Posted by marykeating on November 5, 2009 under Court news | Read the First Comment

This blog has previously discussed the difficulty of delivering justice to this region, in light of five openings (out of 15) on the Fourth Circuit Court of Appeals.  Two nominees have been given the green light by the Senate committee, but await full votes by the Senate.  The Senate, of course, has the constitutional role of advising and consenting to judicial appointments.  This role gives it the power to hold up appointments.  The dusty seat reserved for Judge Andre M. Davis has been vacant more than ten years.
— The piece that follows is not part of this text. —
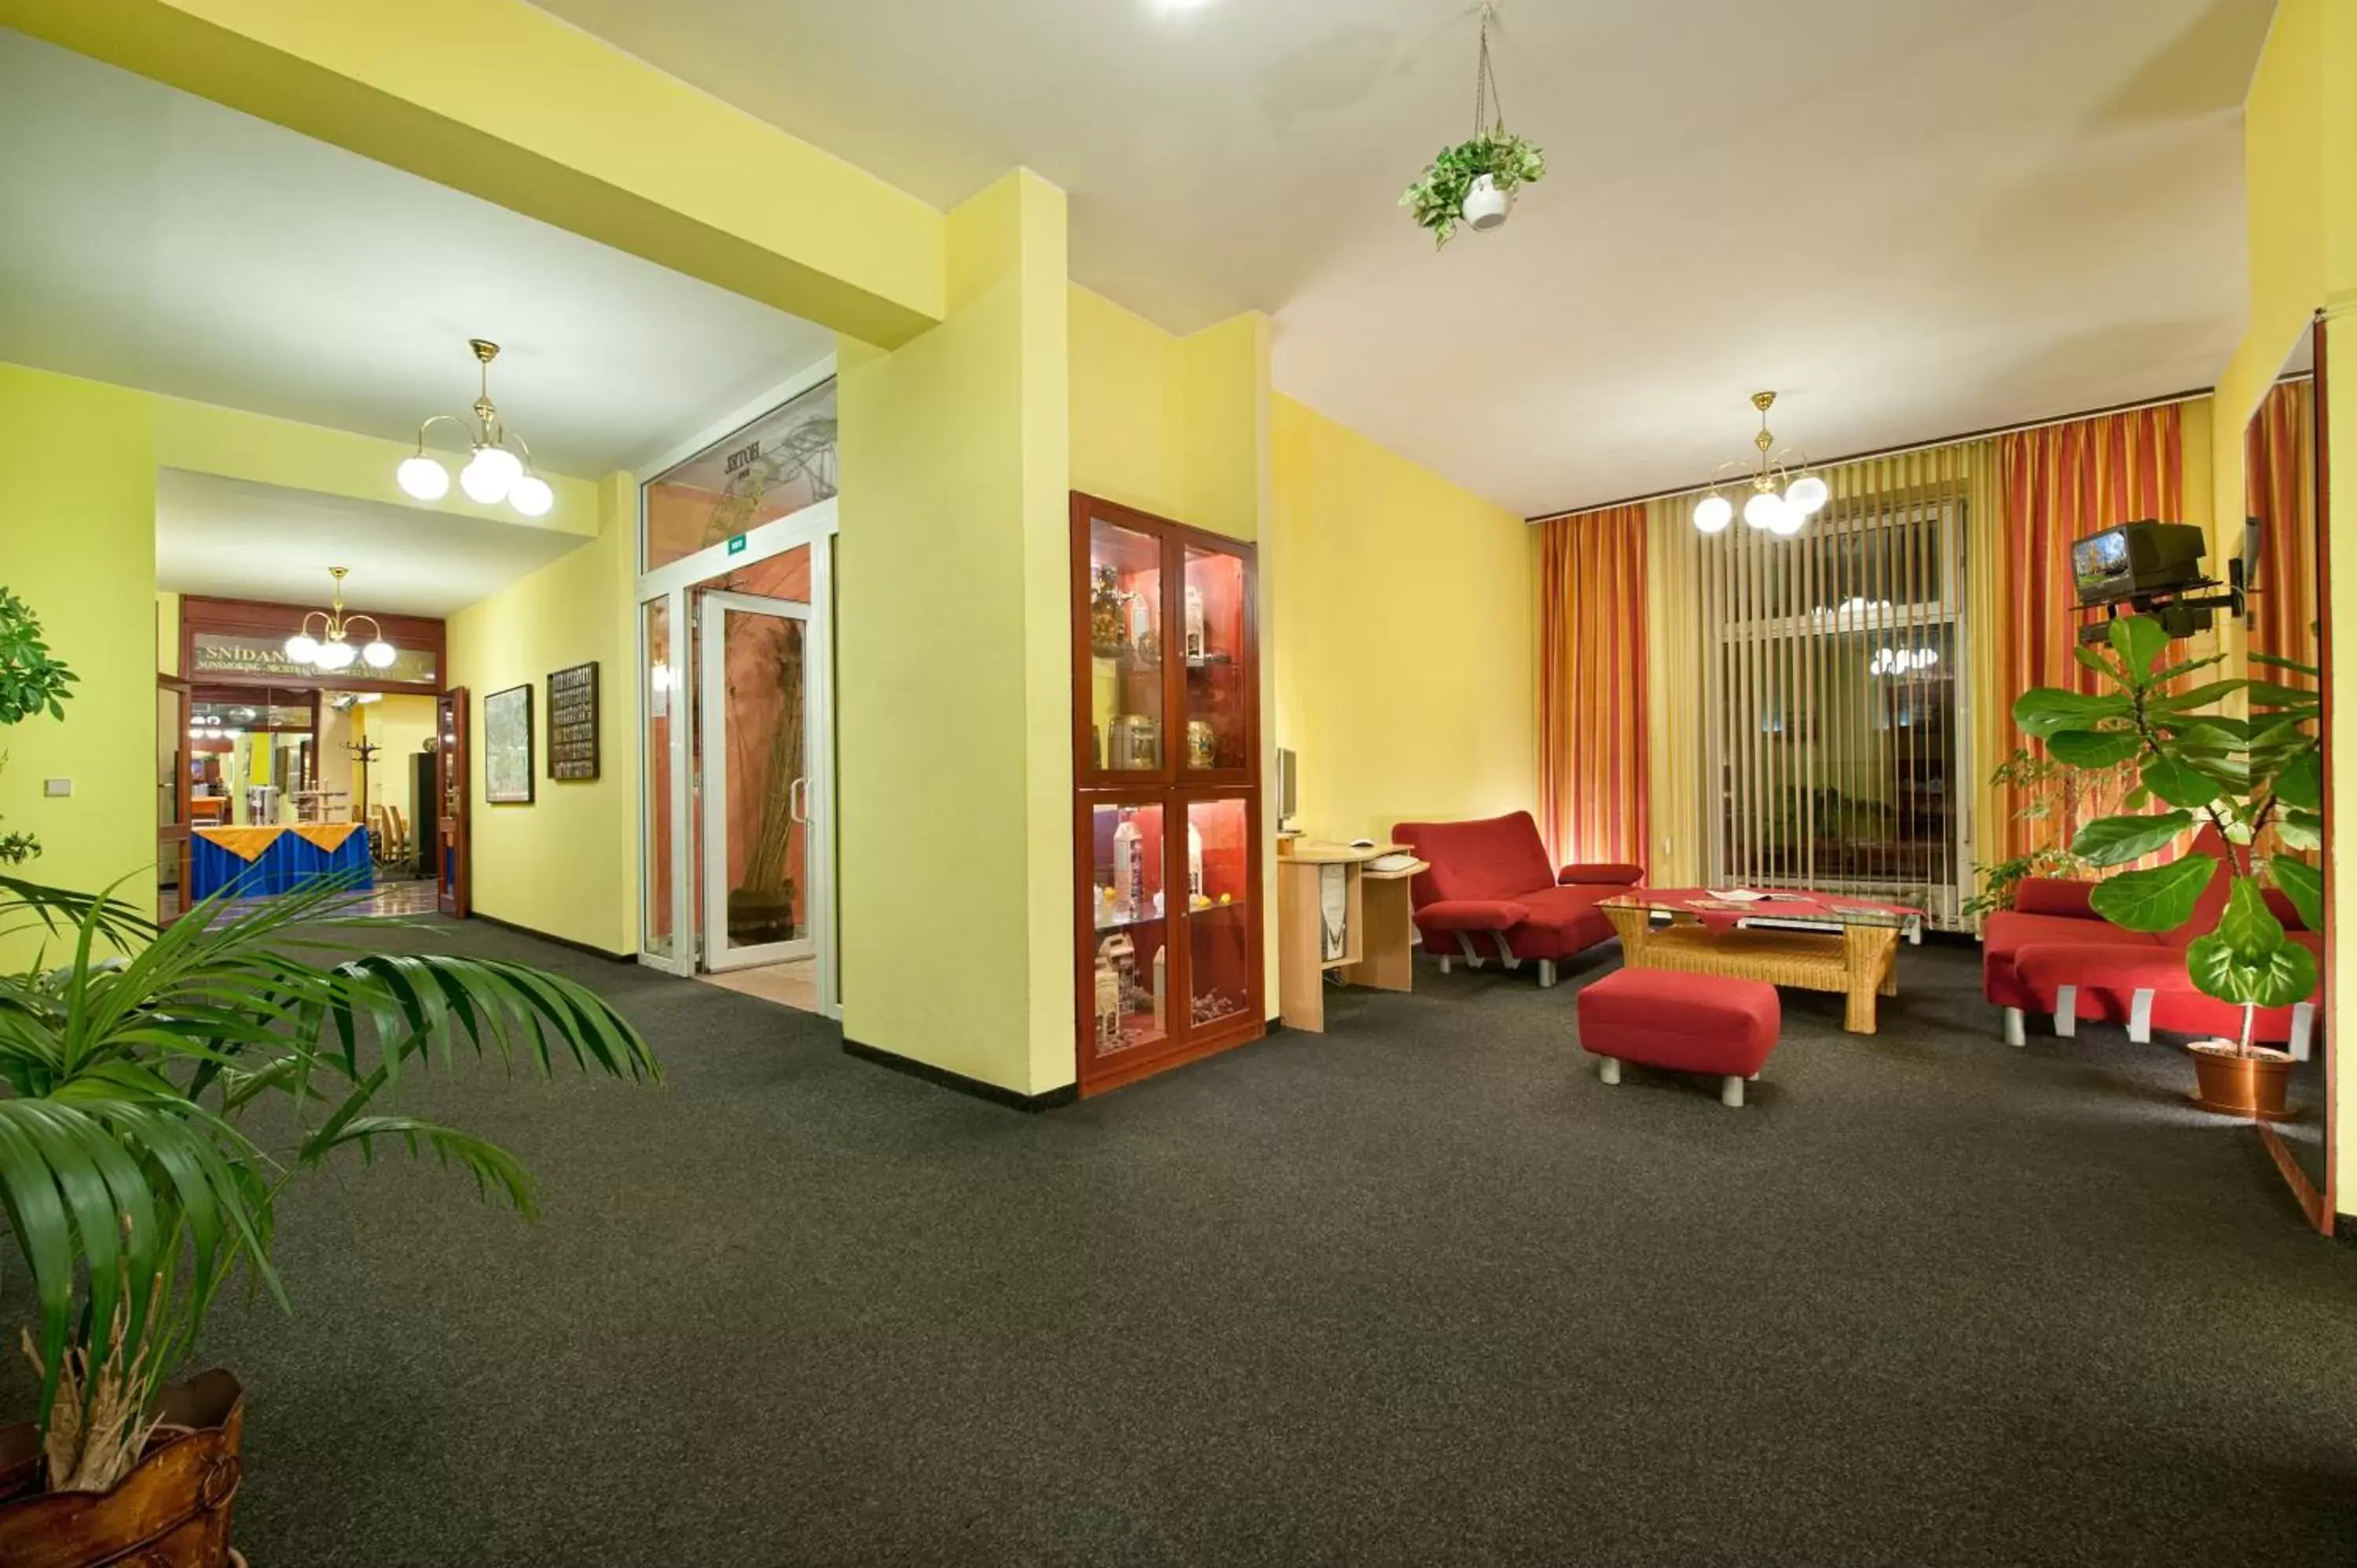 Lobby or reception, Lobby/Reception in Hotel Henrietta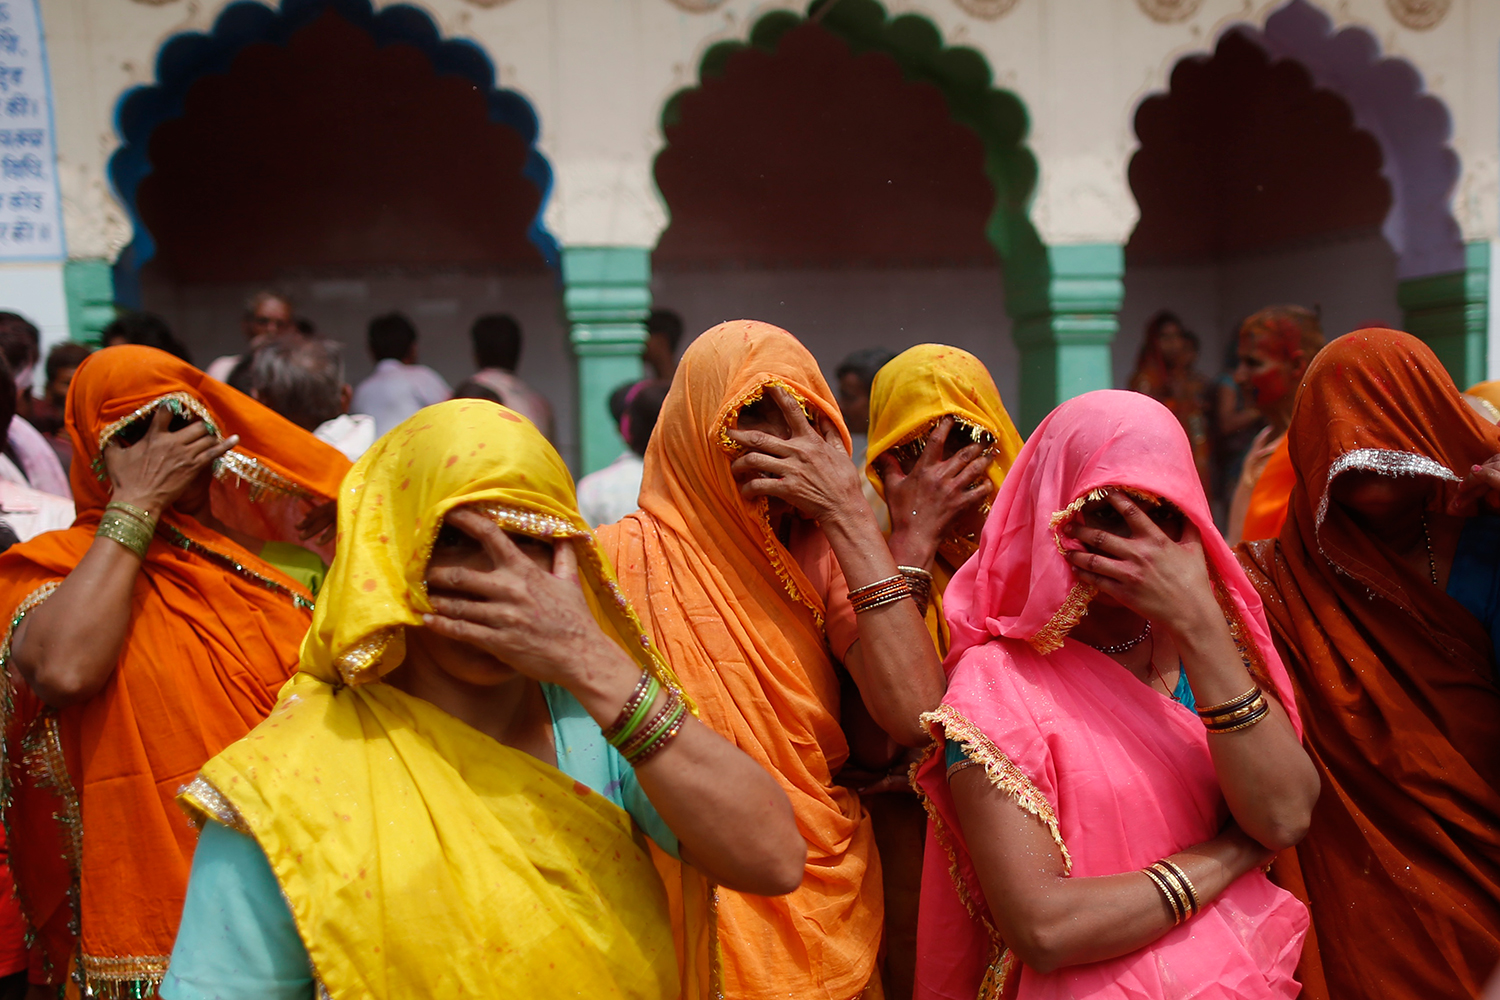 Las turistas deberán llevar sari para entrar al templo hinduista de Varanasi

Well, at least President Obama is doing his part.  Yesterday he nominated two North Carolina judges to the Fourth Circuit.  President Clinton had earlier tapped Judge James Wynn Jr. of the North Carolina Court of Appeals; Judge Davis had the same experience of having his nomination die after a Republican took the White House.  Judge Wynn is also African-American.  The Fourth Circuit’s geographical region has a high population of African-Americans, so adding to the diversity of the Court would be fair and add to its perceived legitimacy.  The other nominee, Judge Albert Diaz, is Hispanic.  There are no current Hispanic members of the Court.  More to the point for my clients, Judge Diaz has been working as a special trial judge for complex business cases.  Often judges are chosen from the ranks of former prosecutors, and therefore their civil experience is meager.

Fourth Circuit Logjam Continues

Posted by marykeating on November 1, 2009 under Court news | Read the First Comment

Barbara Keenan earned unanimous approval from the Senate Judiciary Committee to take an open spot on the Fourth Circuit Court of Appeals.  Judge Keenan has been a judge in every level in Virginia state courts, according to Legal Times.  As reported here earlier, the Fourth Circuit has long been understaffed, with one of its openings vacant for ten years.  Judge Andre Davis, from the U.S. District Court for the District of Maryland, has been waiting for a vote from the entire Senate since June.